◆ Your assignment ◆
Return exactly the lines from the "Multicolor Standard Size" line through the last line of the entries below. Include no pictures.
*** Opening Provided records ***
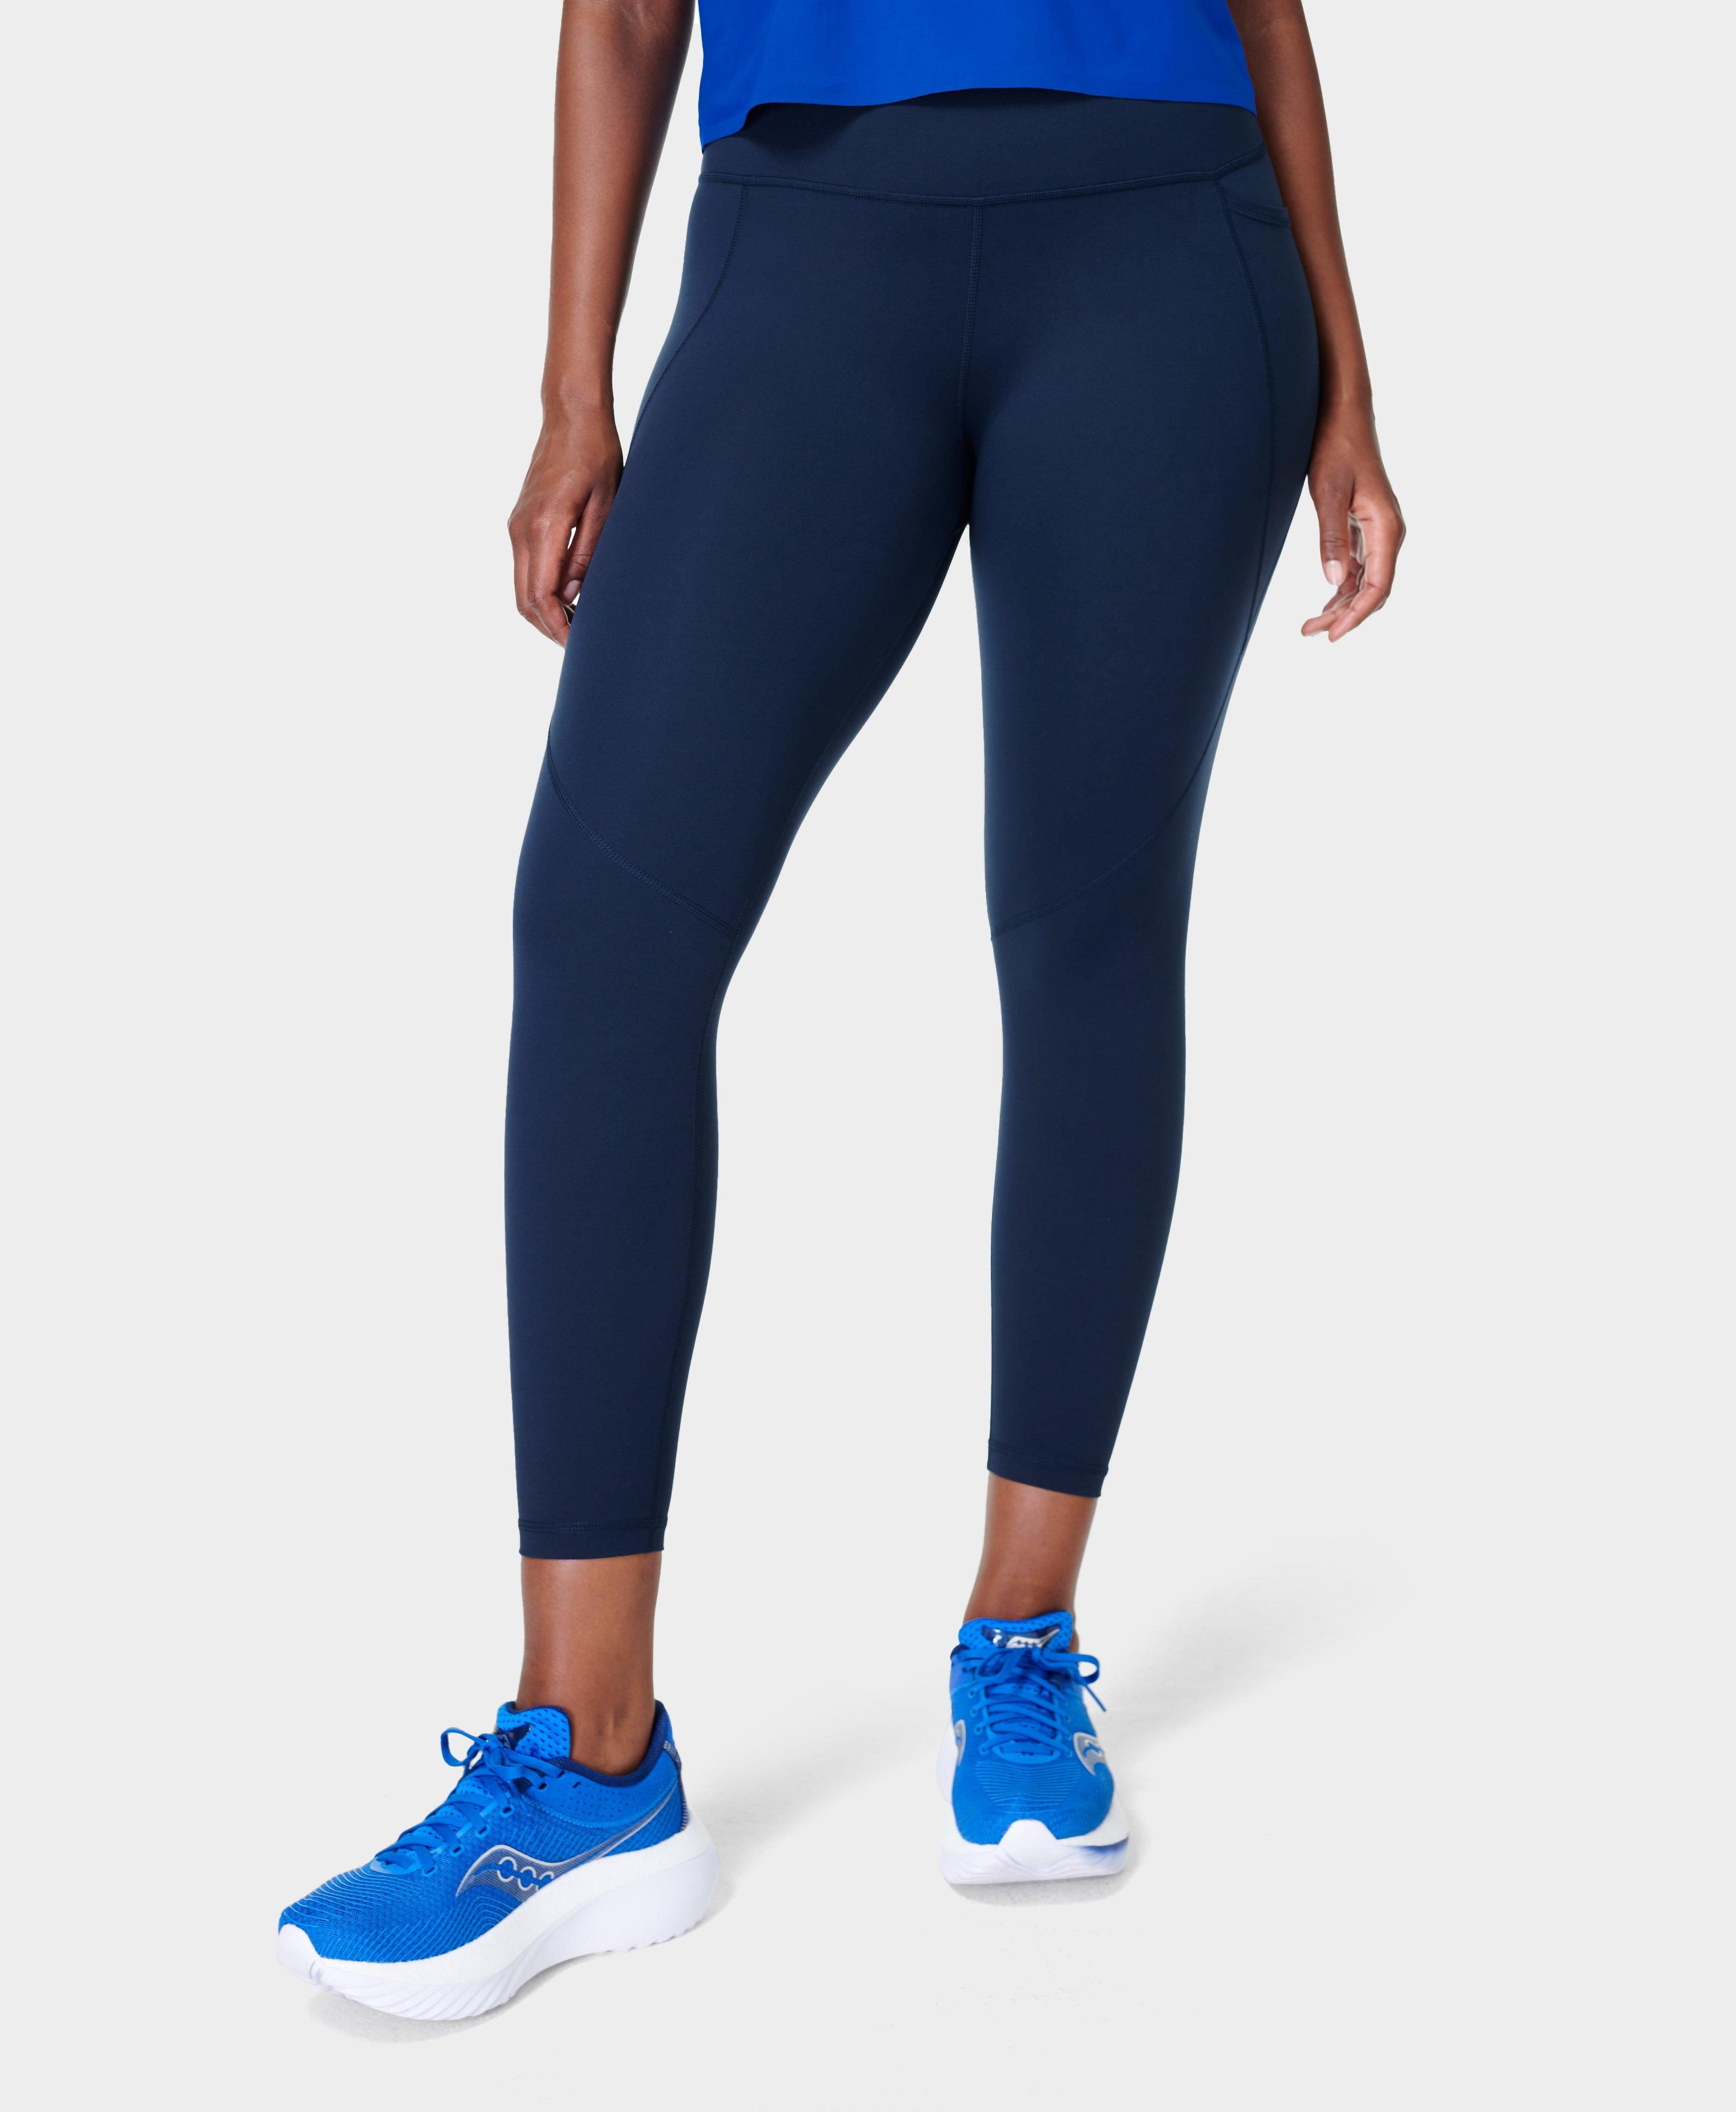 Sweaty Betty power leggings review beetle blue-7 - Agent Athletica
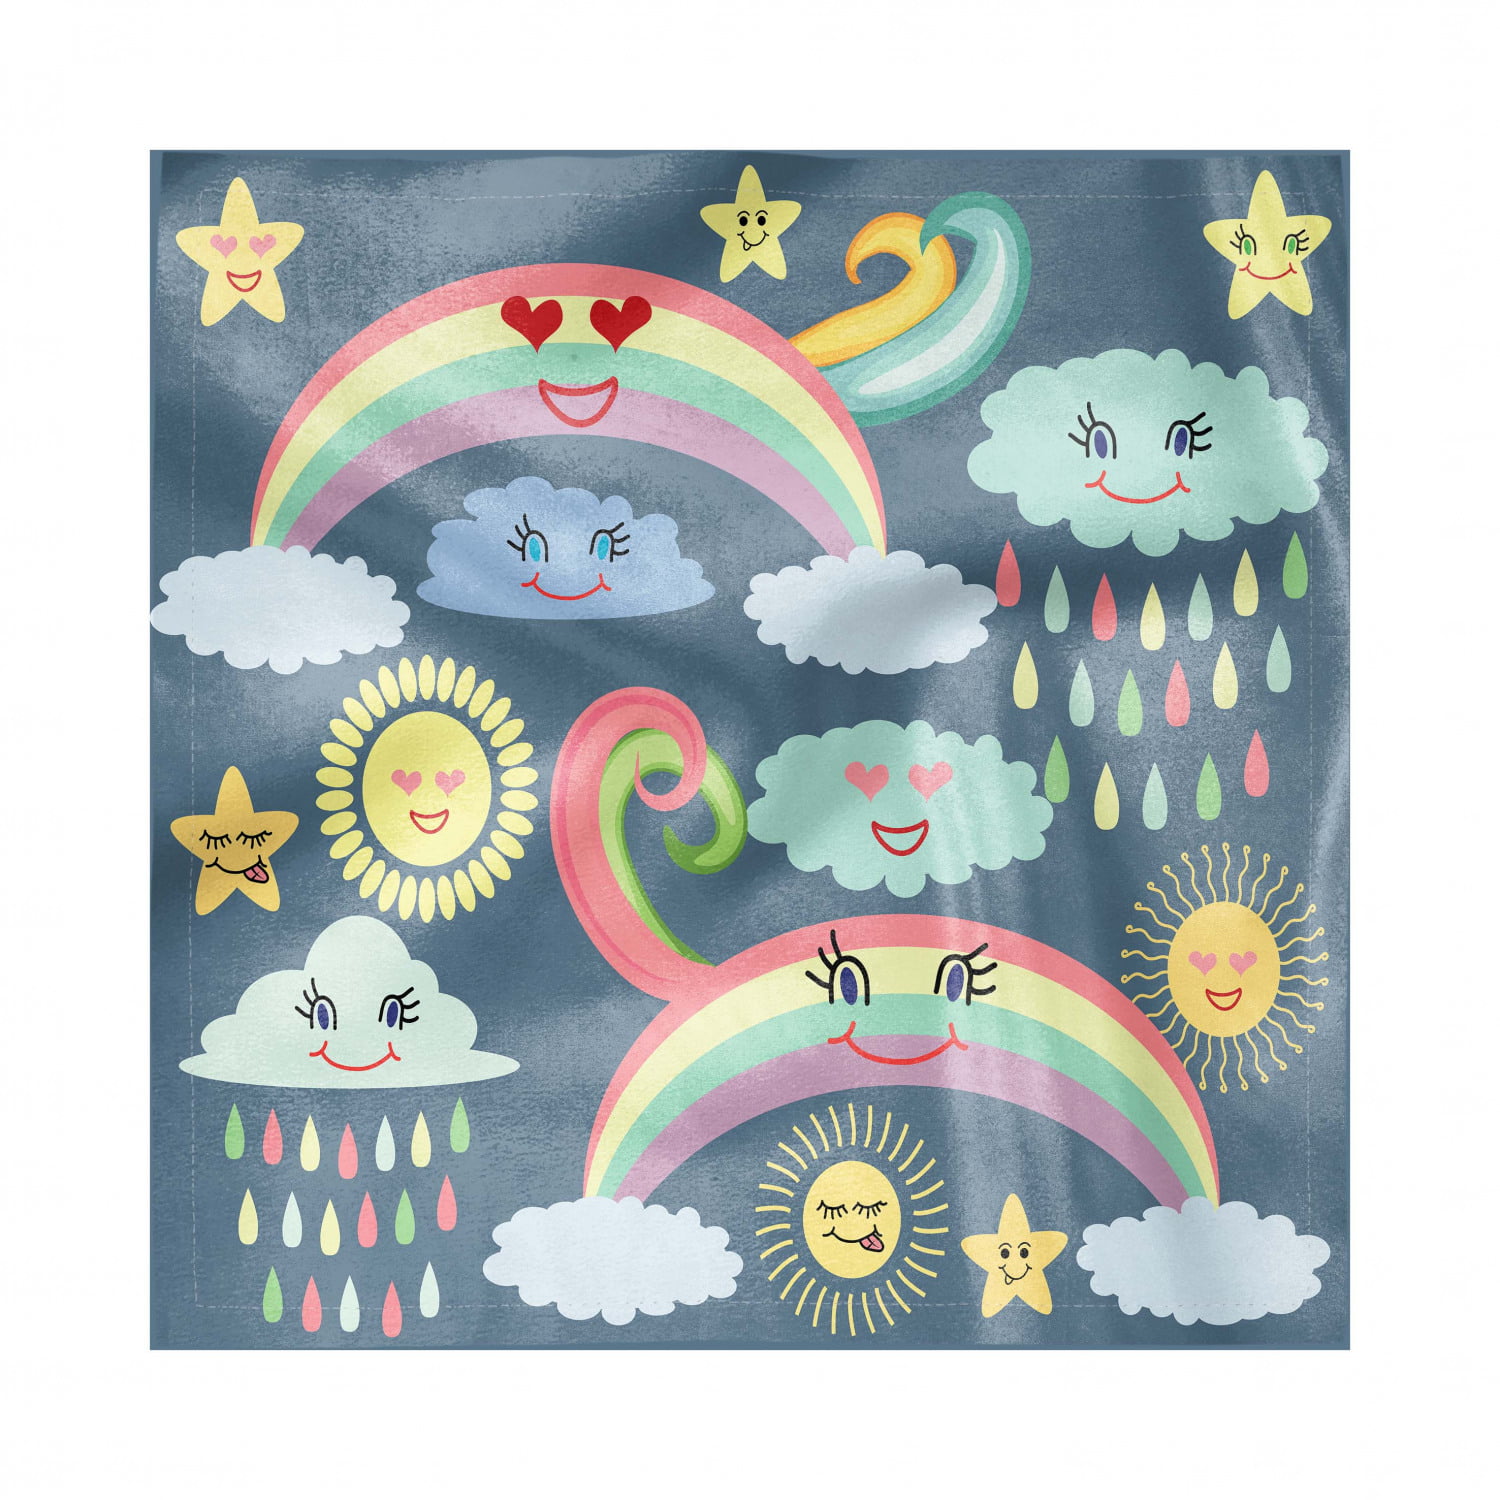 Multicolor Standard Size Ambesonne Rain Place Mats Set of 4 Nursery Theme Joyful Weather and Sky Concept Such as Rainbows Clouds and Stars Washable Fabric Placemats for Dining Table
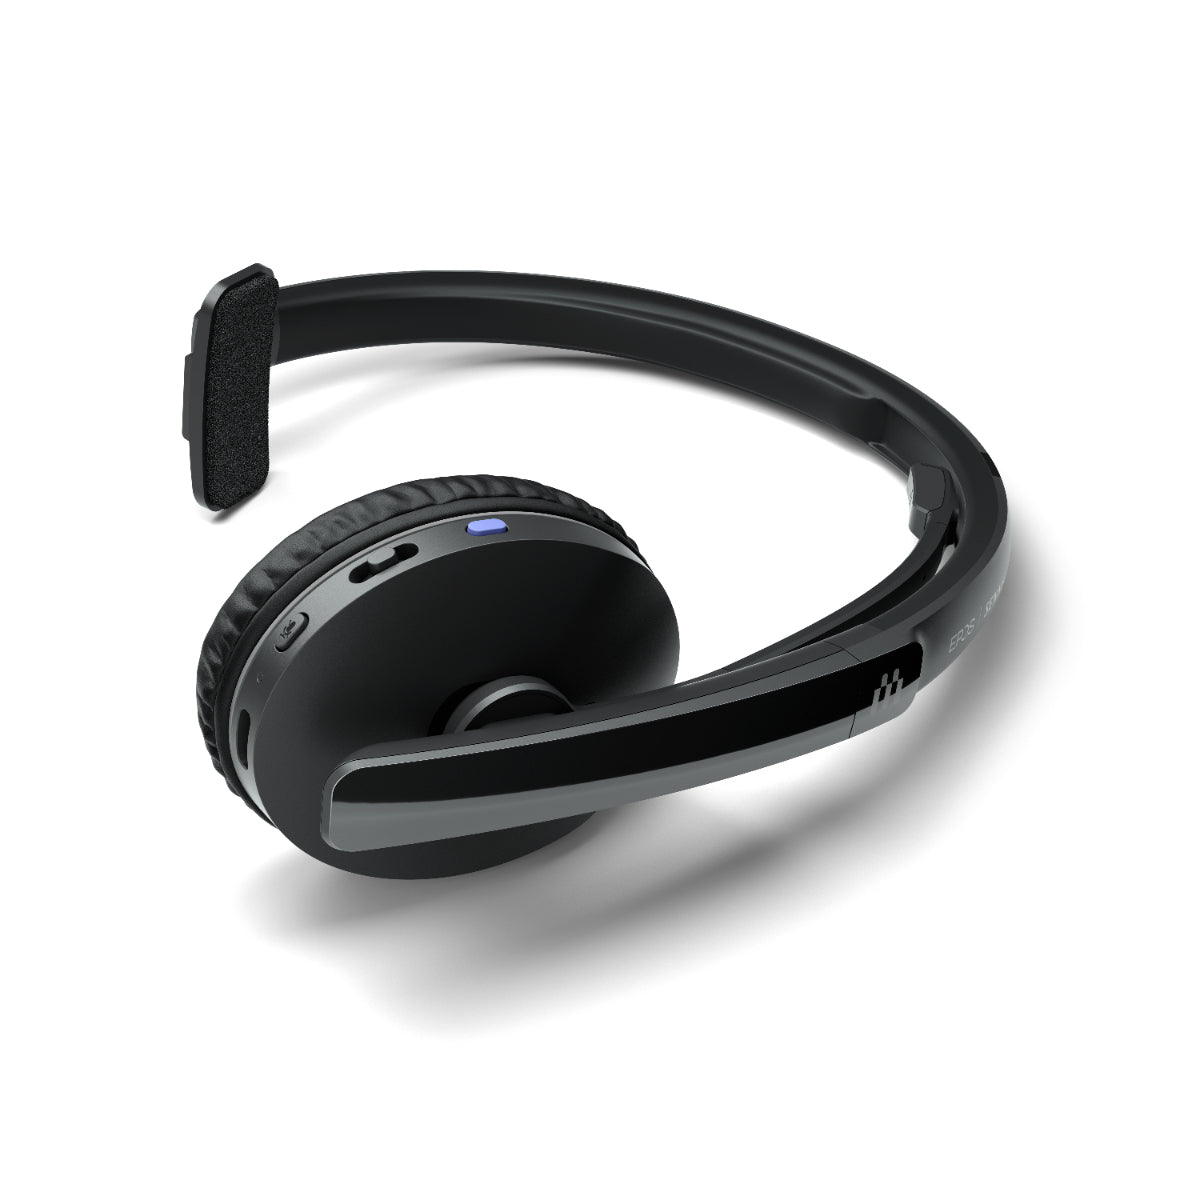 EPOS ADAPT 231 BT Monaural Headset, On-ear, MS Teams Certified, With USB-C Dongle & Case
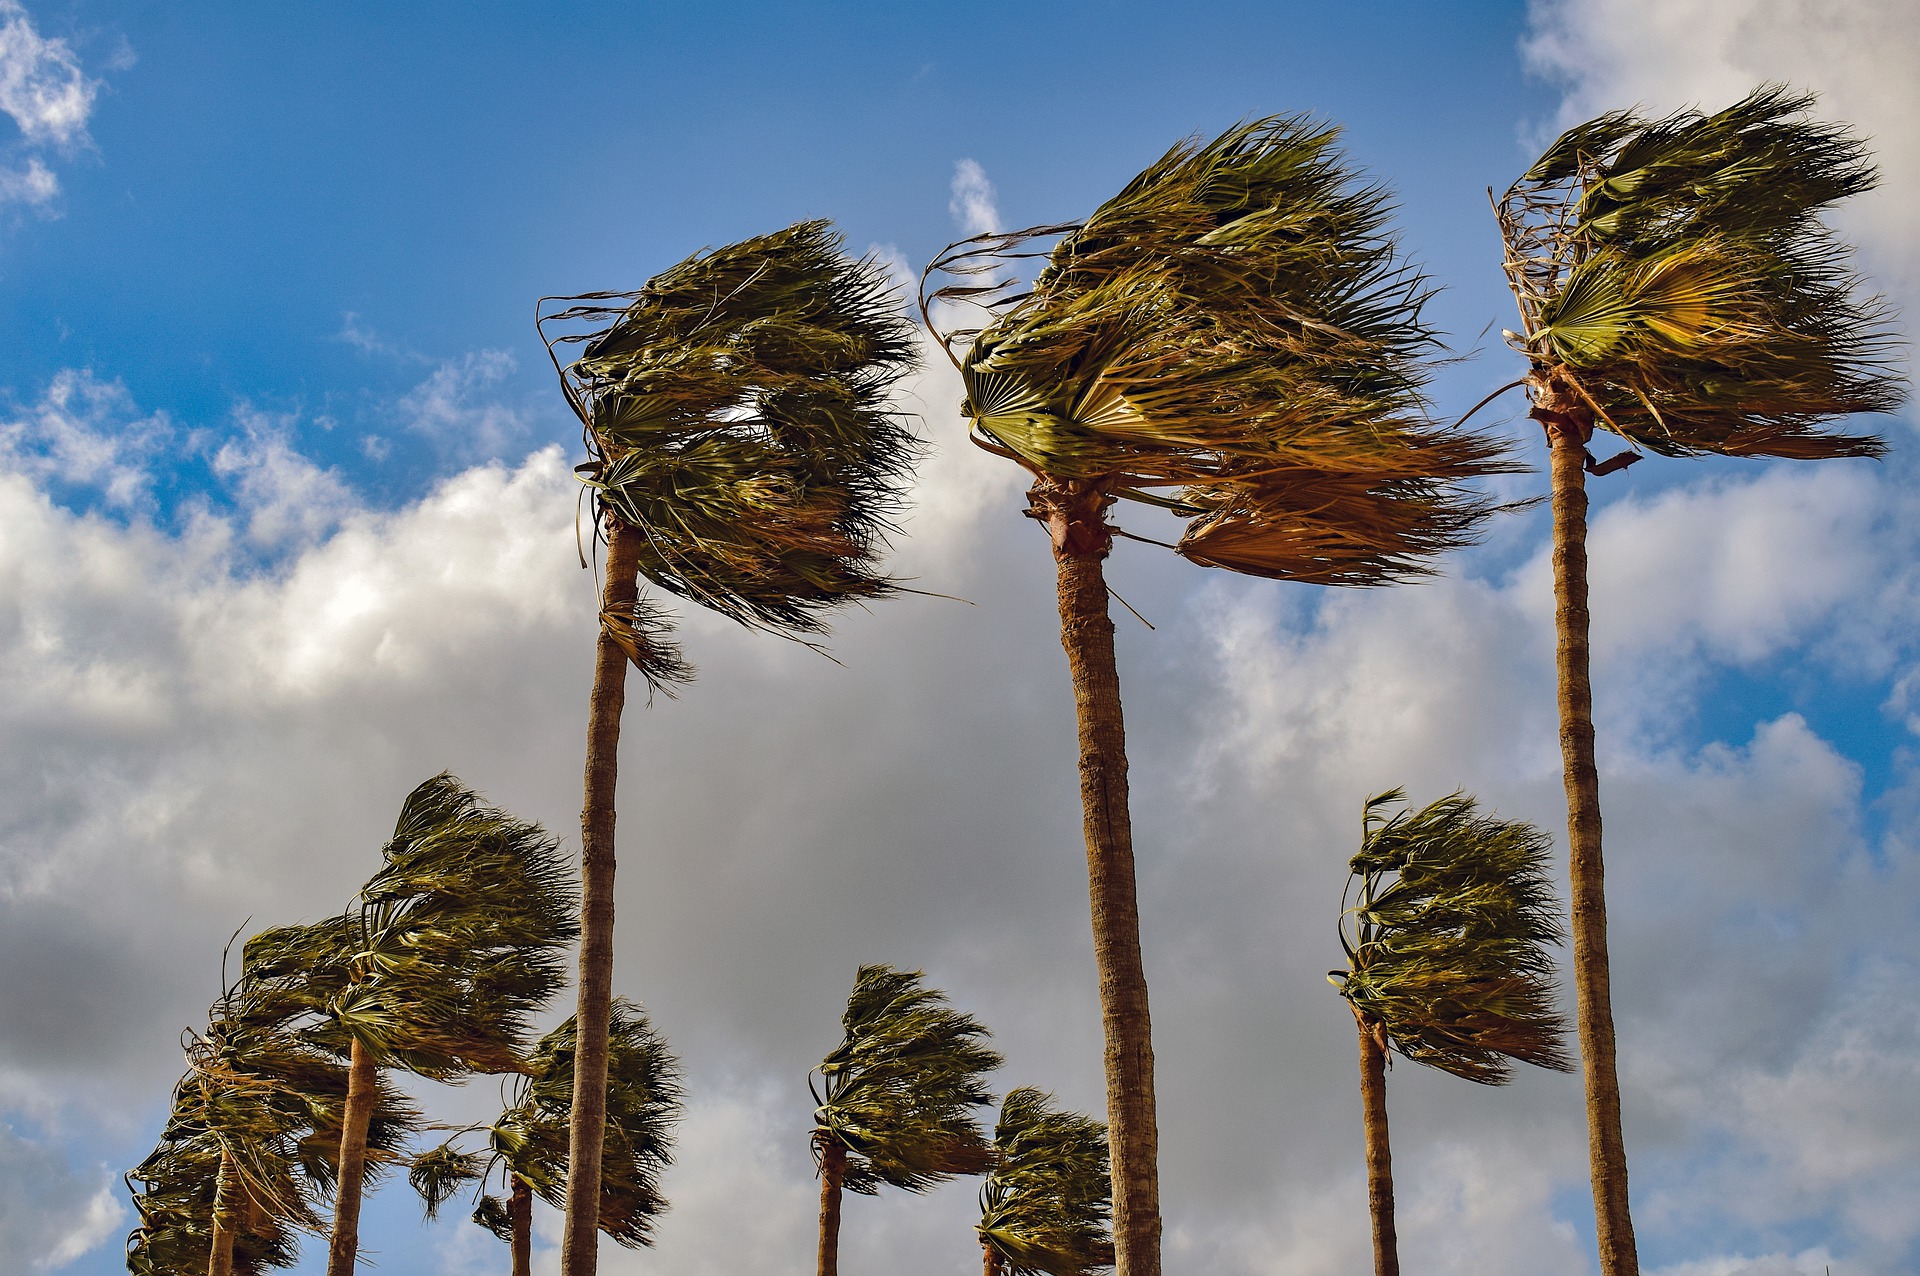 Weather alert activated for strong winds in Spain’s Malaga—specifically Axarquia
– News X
*** Closing Provided records ***
◆ The answer ◆
 Multicolor Standard Size Ambesonne Rain Place Mats Set of 4 Nursery Theme Joyful Weather and Sky Concept Such as Rainbows Clouds and Stars Washable Fabric Placemats for Dining Table
 EPOS ADAPT 231 BT Monaural Headset, On-ear, MS Teams Certified, With USB-C Dongle & Case
 Weather alert activated for strong winds in Spain’s Malaga—specifically Axarquia
– News X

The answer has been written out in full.